Schulz, I., Schnefel, S., Banfić, H., Thévenod, F., Kemmer, T. P., & Eckhardt, L. (1987). The role of phosphatidylinositides in stimulus-secretion coupling in the exocrine pancreas. In Society of General Physiologists Series (pp. 117-131).


Cite as: http://hdl.handle.net/21.11116/0000-0008-0ED6-8
Abstract
Cell activation of different cell types is accompanied by receptor-mediated stimulation of phospholipase C and a consequent breakdown of phosphatidylinositol 4,5-bisphosphate. Evidence suggests that GTP-binding proteins are involved in this signal transduction mechanism, which couples receptors to phospholipase C. Both the hydrolysis products diacylglycerol (DG) and inositol 1,4,5-trisphosphate (IP3) are intracellular messengers for cellular responses such as secretion, as illustrated by the pancreatic acinar cell.
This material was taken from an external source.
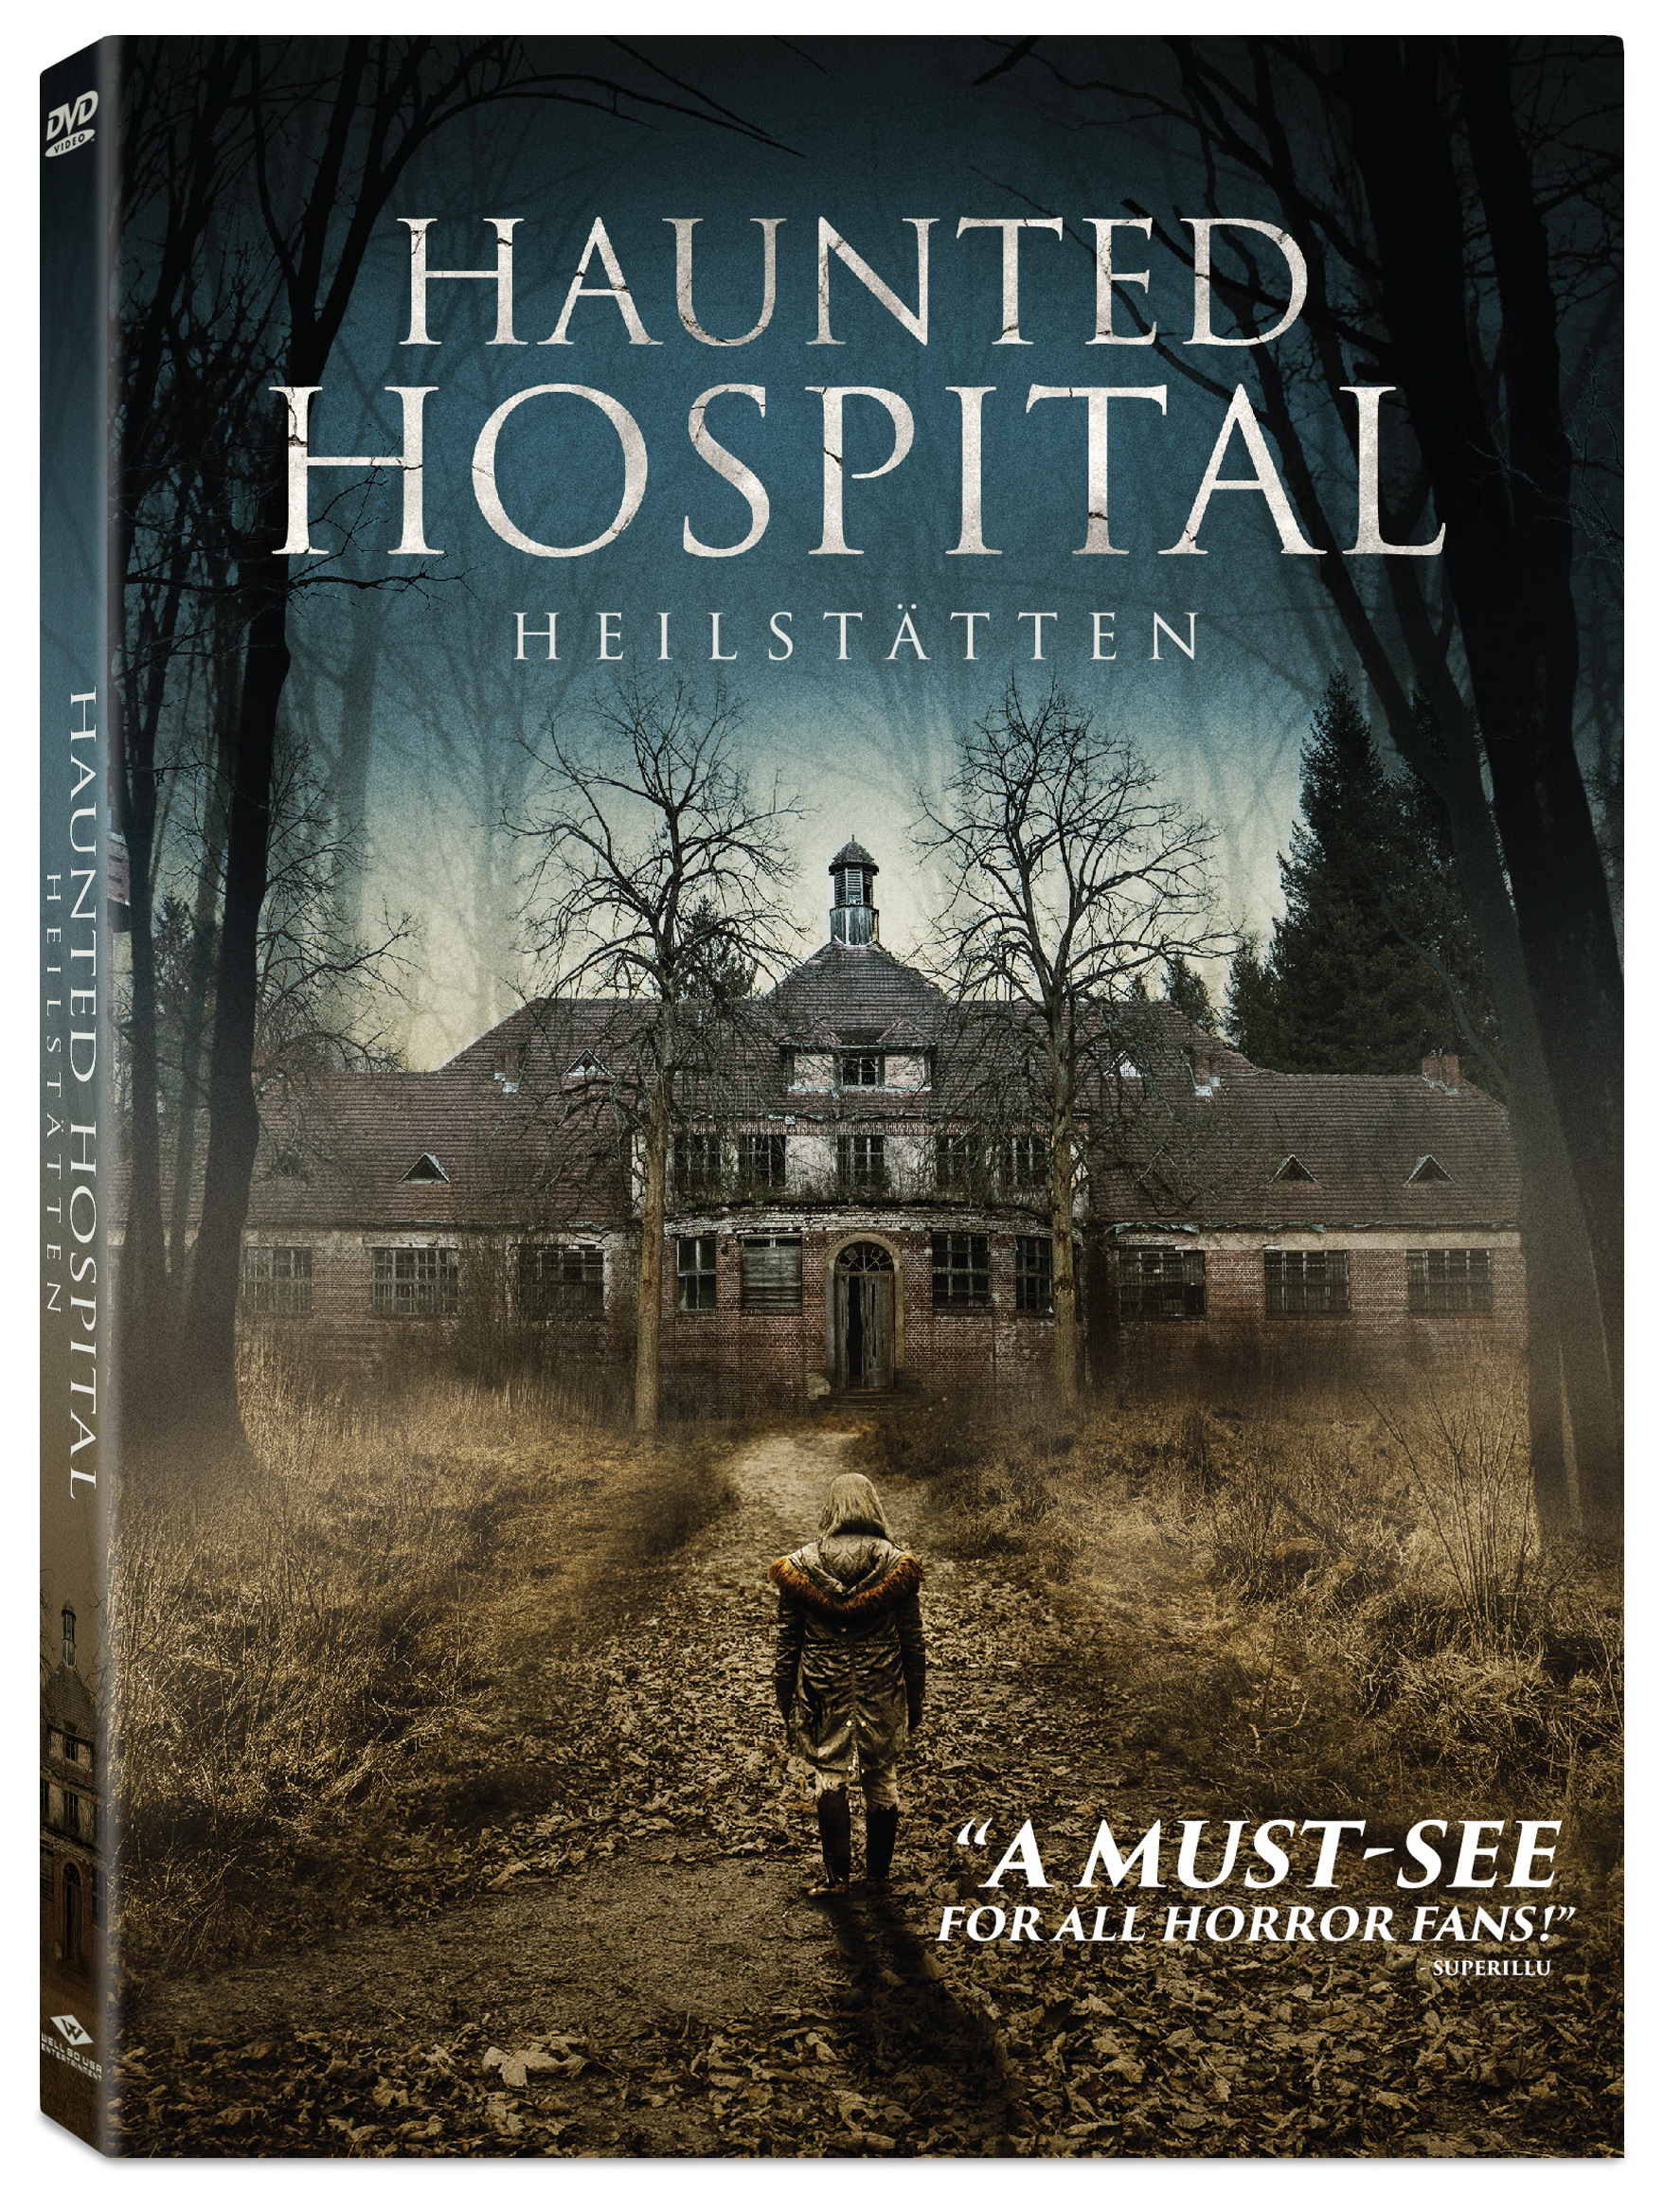 Haunted Hospital Heilstatten DVD cover (Well Go USA)

IP3 releases Ca2+ from a nonmitochondrial Ca2+ pool likely to be the endoplasmic reticulum (ER). This Ca2+ release leads to a transient rise in the cytosolic free Ca2+ concentration from approximately 100 to approximately 800 nmol/liter, by which enzyme secretion is initiated. For sustained secretion, Ca2+ influx into the cell is necessary to keep the cytosolic free Ca2+ concentration at a slightly elevated level. Activation of protein kinase C by DG and Ca2+ seems to play a major role in the second, sustained phase of secretion. Ca2+ reuptake into the ER and Ca2+ extrusion from the cell are achieved by (Ca2+ + Mg2+)-ATPase in both the ER and the plasma membrane as well as by an Na+/Ca2+ exchange in the latter. In the final step of exocytosis, protein phosphorylation by Ca2+-, DG-, and cAMP-dependent protein kinases is probably involved.